On our drive across Ontario and western New York, I listened again as my mother recited the saga of my grandmother, both hands on the wheel, cigarette in her mouth: the Saga of the Displaced Gael. Orphaned at twelve, Grandma worked a life-devouring job in the textile mills but managed a happy marriage to a fellow she met on the Narrows (Grandpa) between North and South Watuppa Ponds, where young people gathered. They were to enjoy fertile parenthood, modest gentility, economic sufficiency, and religious security only a block from their parish church; she did, however, occasionally cross the Quequechan River to attend Mass with French Canadian girlfriends she’d met in the spinning room at the Pocasset mill. My grandfather supplied special groceries to the side-wheelers of the Fall River Line, including
the Commonwealth, the Pilgrim, and the fabulous Princess. His was a tiny business based on special arrangements with a fruit boat that brought bananas from Central America. My grandfather told me of the deadly spiders that sometimes arrived with this cargo, hinted at Spanish treasure from Honduras (probably the origin of my previously mentioned interest in “jewels”), and described the three great steering wheels in the pilothouse of the Princess and the chandeliers in its engine room. Even my grandparents’ Yankee neighbors, who ranged from mill owners and bankers to broken-down fellows who delivered firewood by horse and wagon, accorded grudging admiration to this honest couple, especially as immigrants, got smaller and browner by the day. If my mother was too caught up in her story, she allowed me to drive on my learner’s permit while she kept smoking or chewed her thumbnail.

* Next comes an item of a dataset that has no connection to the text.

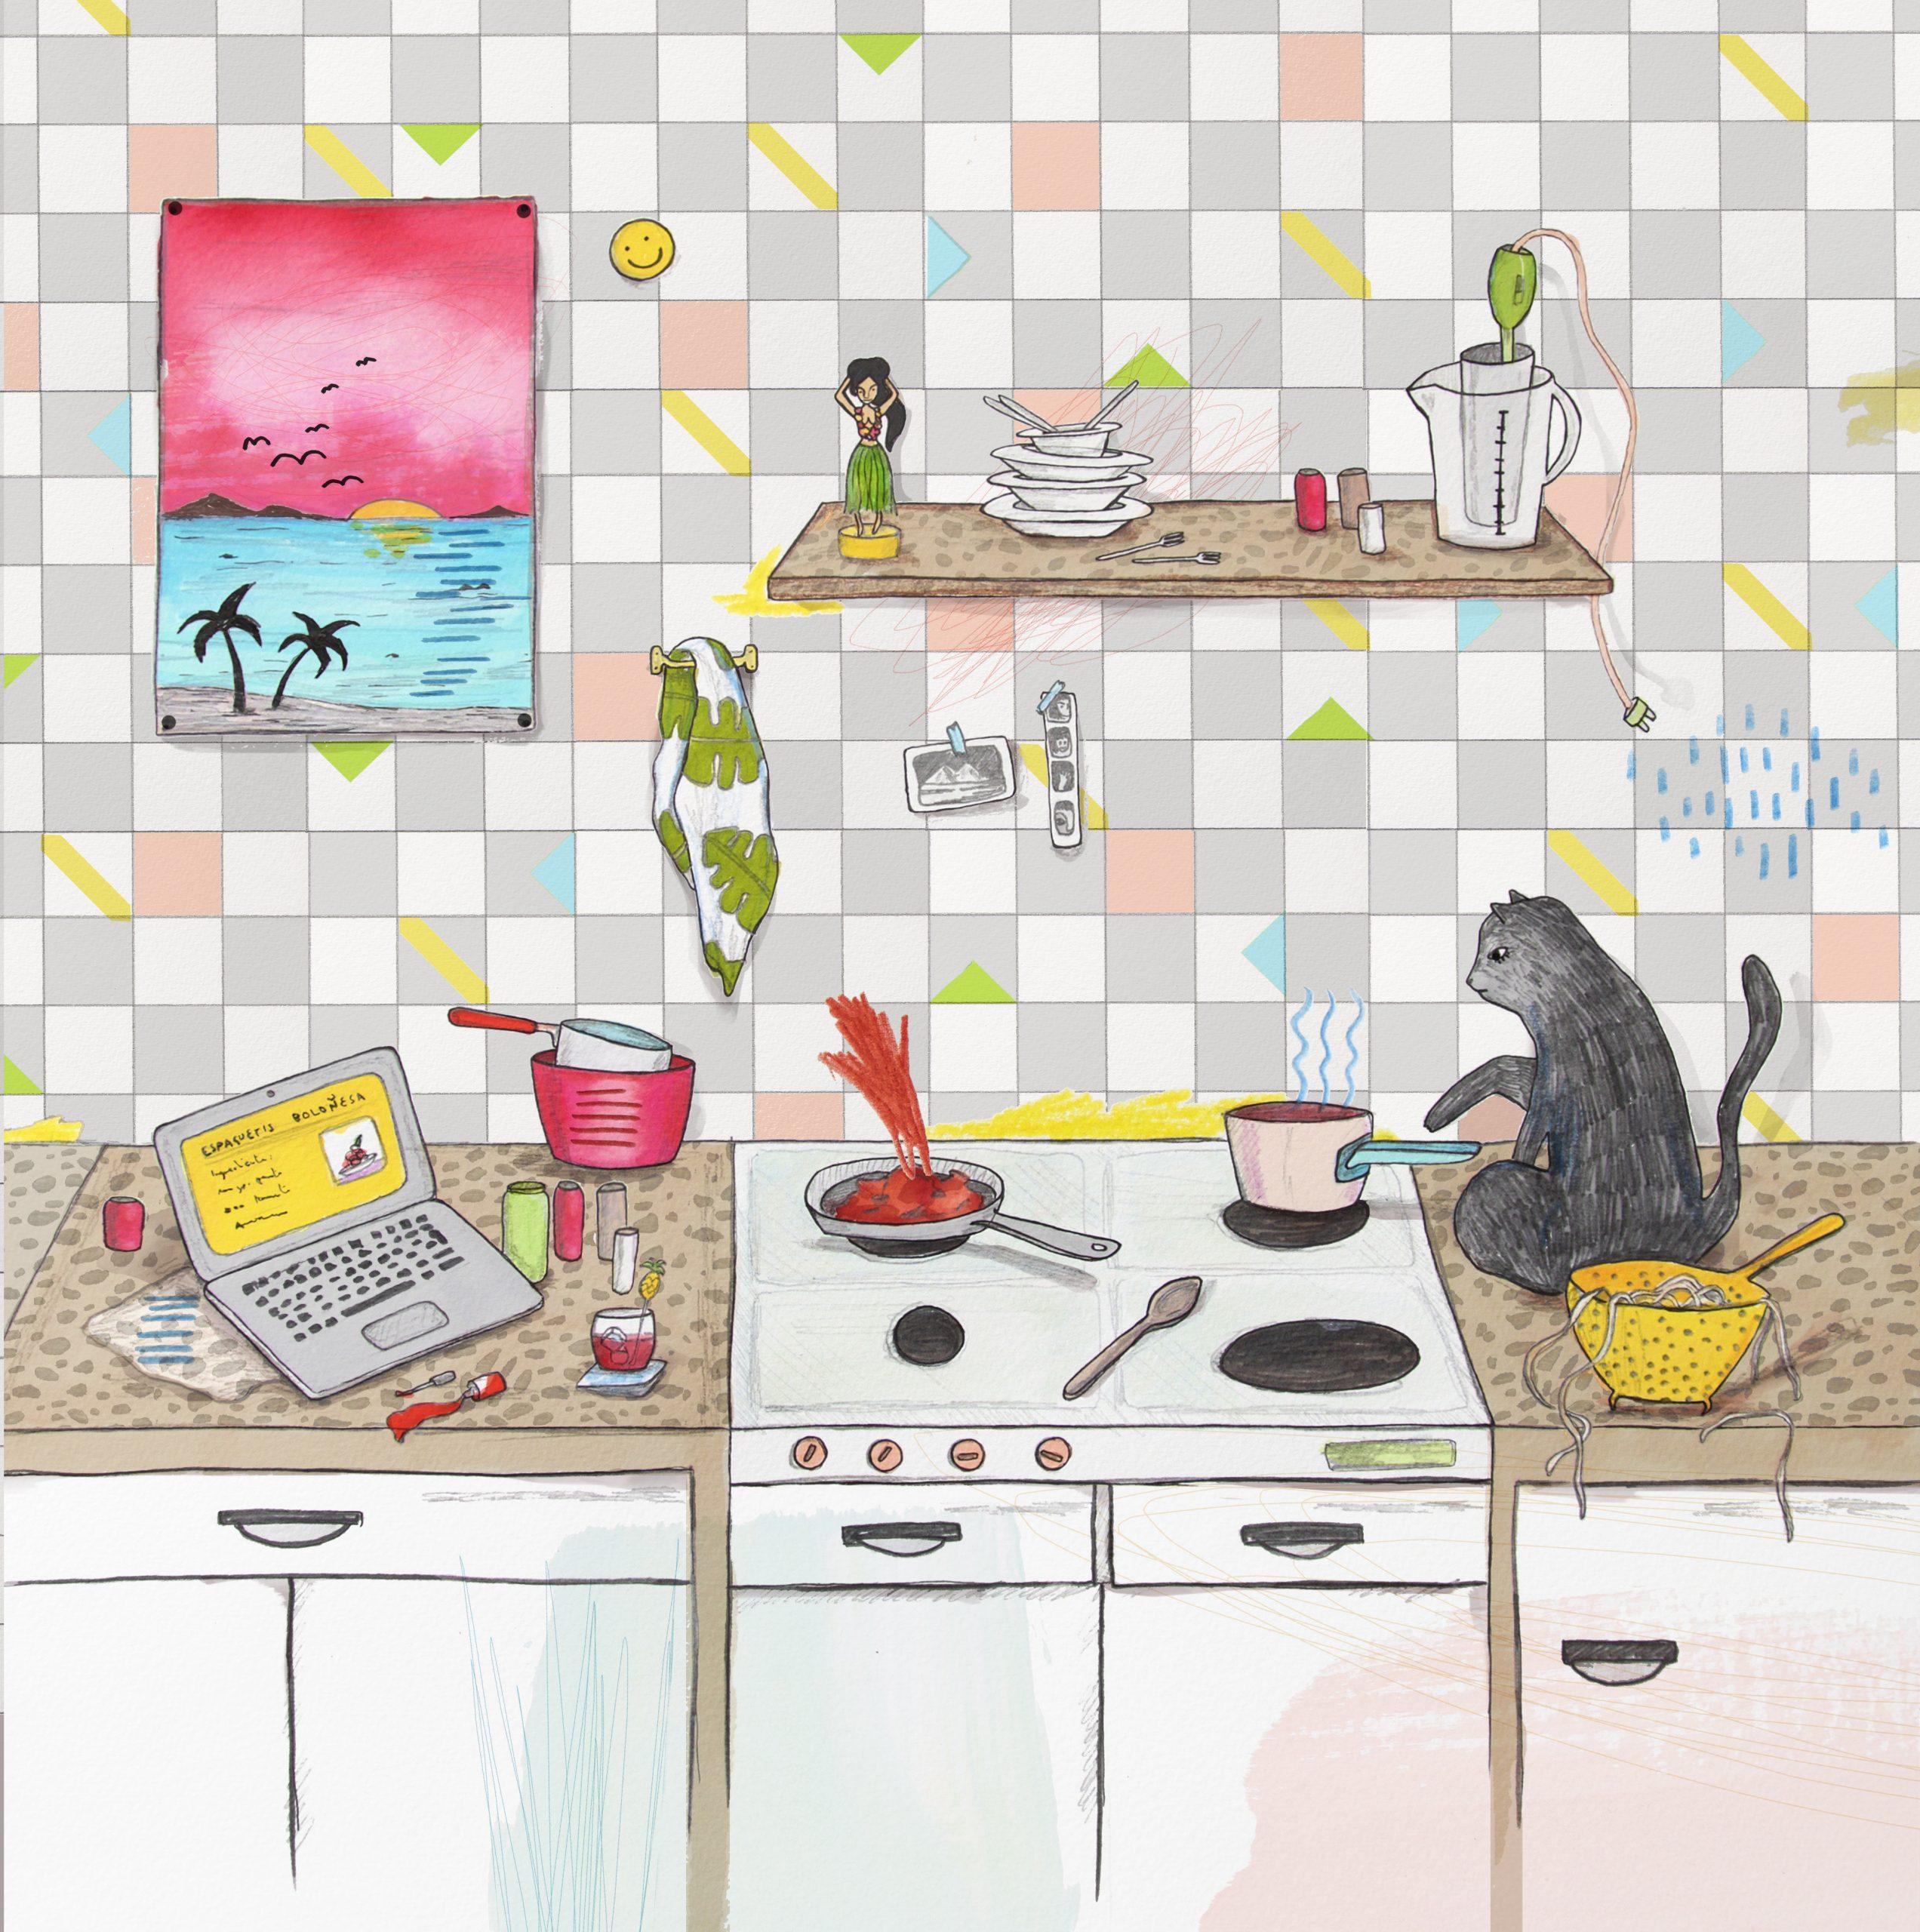 kitchen1_Belén Segarra

The children grew up and took their respective places: teacher, policeman, physician, waitress, and finally occasional insurance salesman Paul, who came home from the war having lost his best friend to a German booby trap, a boy from President Avenue with whom he’d enlisted. Paul emphasized that the device was a Leica camera, which seemed to undercut the disparaging term for the thing that had killed his friend. After that Paul began to decline, and the gossip was that he wouldn’t have taken the loss of his friend so badly if the pair of them hadn’t been queer. But he was smart and resourceful and he managed to go on, usually by selling a policy to one of his drinking buddies. He was tall and well dressed, his auburn hair combed back straight from a high forehead in an elegant look that spoke of success. By evening, the look would change to something wild and slipping.